Son 5 yıllık ortalamaya bakıldığında ülkemizde yılda 6 milyon ton civarında gübre tüketimi gerçekleştiğini belirten Genel Müdür Yumaklı, “Kimyevi gübre sektöründe üç temel hammadde var; azot, potasyum ve fosfat… Ne yazık ki sektörle ilgili bu temel yeraltı kaynakları ülkemizde bulunmadığı için büyük oranda yurtdışından ithalat yoluyla karşılanmaktadır. Türkiye olarak dünyadaki gübre tüketiminde sadece yüzde 1,5 paya sahip olduğumuz ve bu gübrelerin hammadde ihtiyacının da yaklaşık yüzde 90’ını yurtdışından karşıladığımız göz önüne alındığında, sektörün uluslararası piyasalardaki arz ve fiyatlara göre şekillendiği görülür. Üstelik yurtdışından döviz ile ithal ettiğimiz bu ürünleri, iç piyasada TL olarak üreticiye ulaştırmak da hammadde fiyatlarındaki dalgalanmanın yanı sıra döviz kurlarıyla ilgili finansal riskler getirebilmektedir” dedi.

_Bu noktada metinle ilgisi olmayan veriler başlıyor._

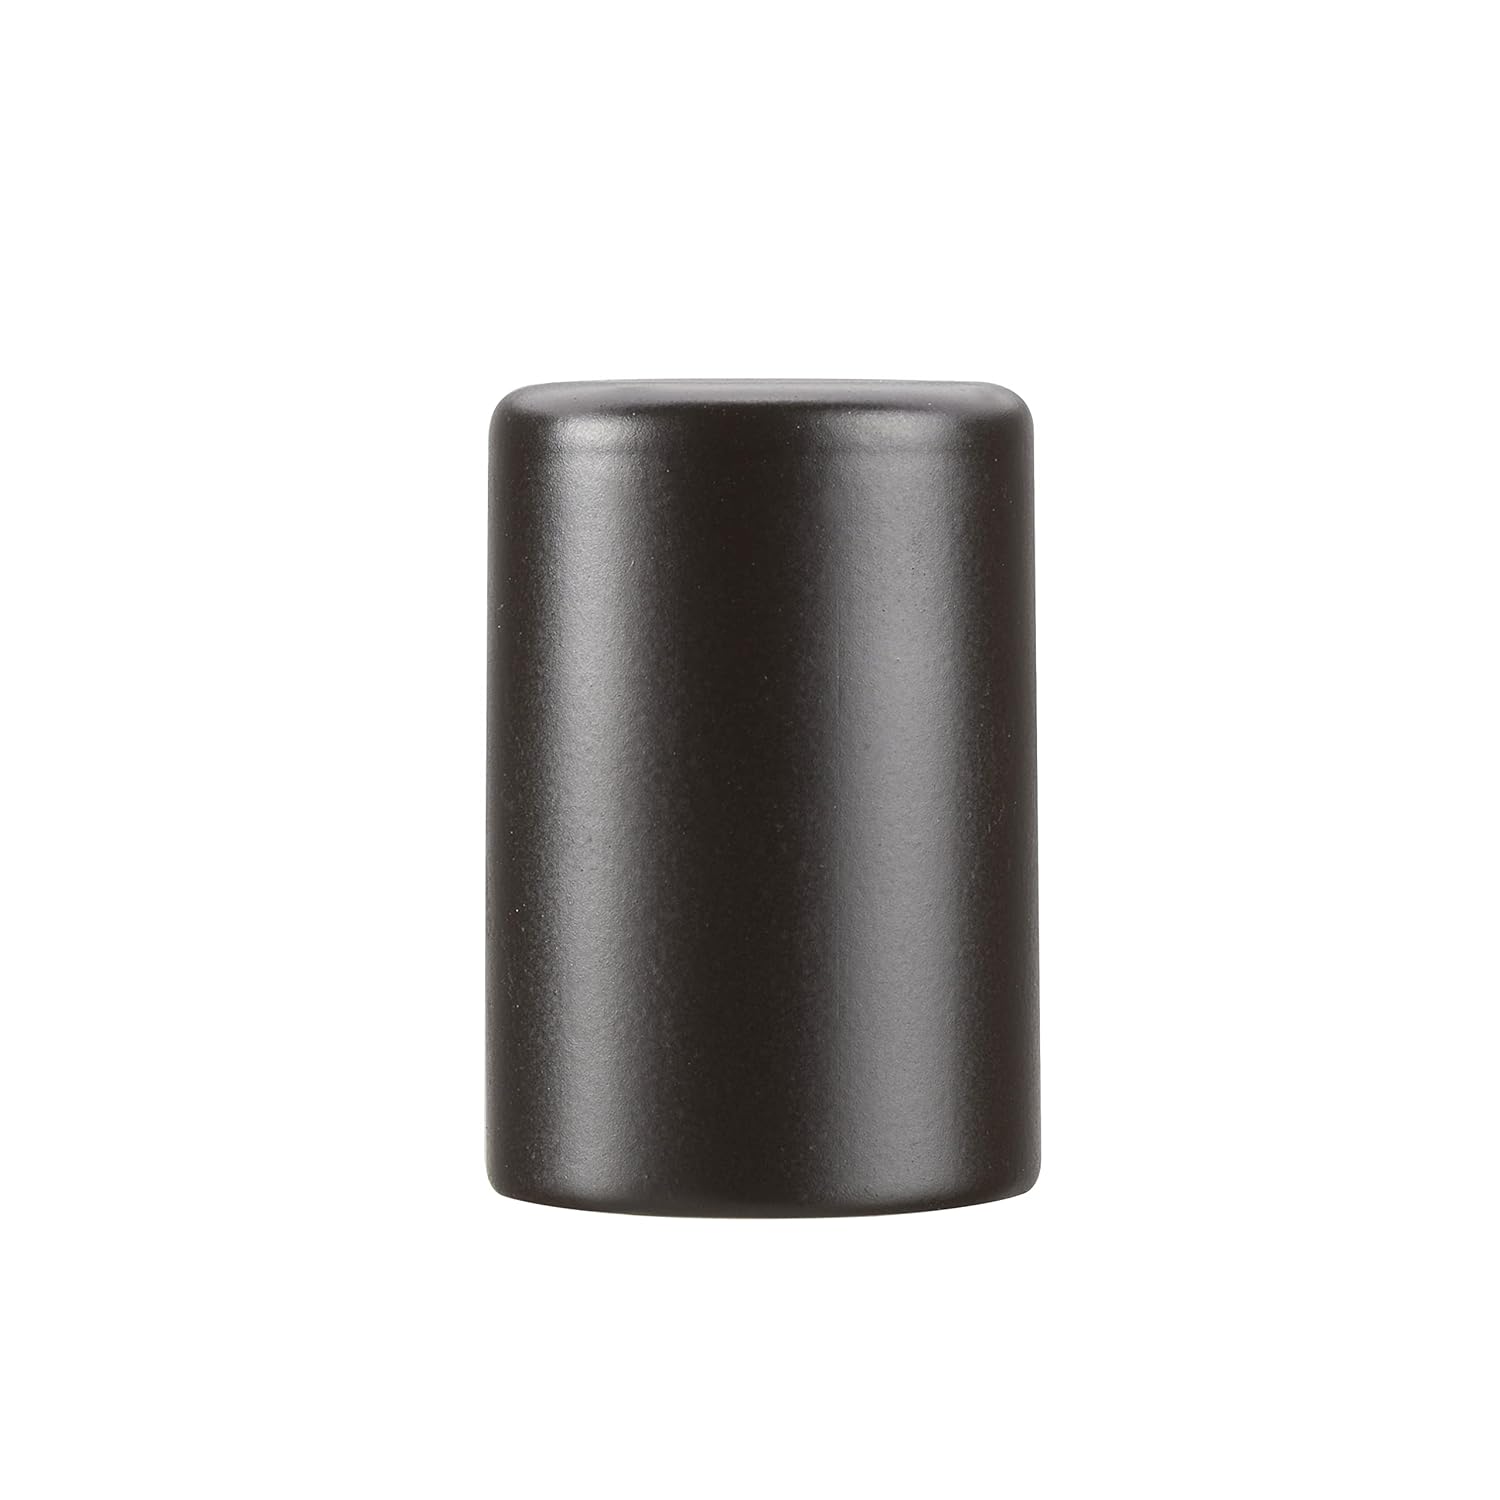 Great Choice Products Oil Rubbed Bronze 24043-05-2, Finial For Lamp Shade Finish, 1-1/4" Height, 2Pcs/Pack

Şirketin tarımsal üretimin sürdürülebilirliği için her zaman ürün bulunurluğunu sağlamaya öncelik verdiğine dikkat çeken Yumaklı, “Bitki besleme ürünleri, birim alandan maksimum verim alınacak şekilde tarım üretiminin sürdürülmesi ve ülke nüfusunun gıda arz güvenliğinin sağlanması adına en temel girdilerden biridir. Yapılan araştırmalara göre tarım girdi maliyetleri içinde yüzde 15-20 civarında paya sahip olan gübre, tarımsal verimlilik artışına ortalama yüzde 50 civarında katkı sağladığı için tüm dünyada önemli bir yere sahip. Pazar payıyla sektöre liderlik eden şirketimiz, tarımsal üretimdeki gübre ihtiyacının yüzde 30’dan fazlasını tek tek başına karşılamakta. Bu başarı, çiftçiye sağladığımız kaliteli ürün ve hizmetlerin yanında en öncelikli prensibimizin kesintisiz gübre tedarikini sürdürmek olmasının bir sonucudur” ifadelerini kullandı.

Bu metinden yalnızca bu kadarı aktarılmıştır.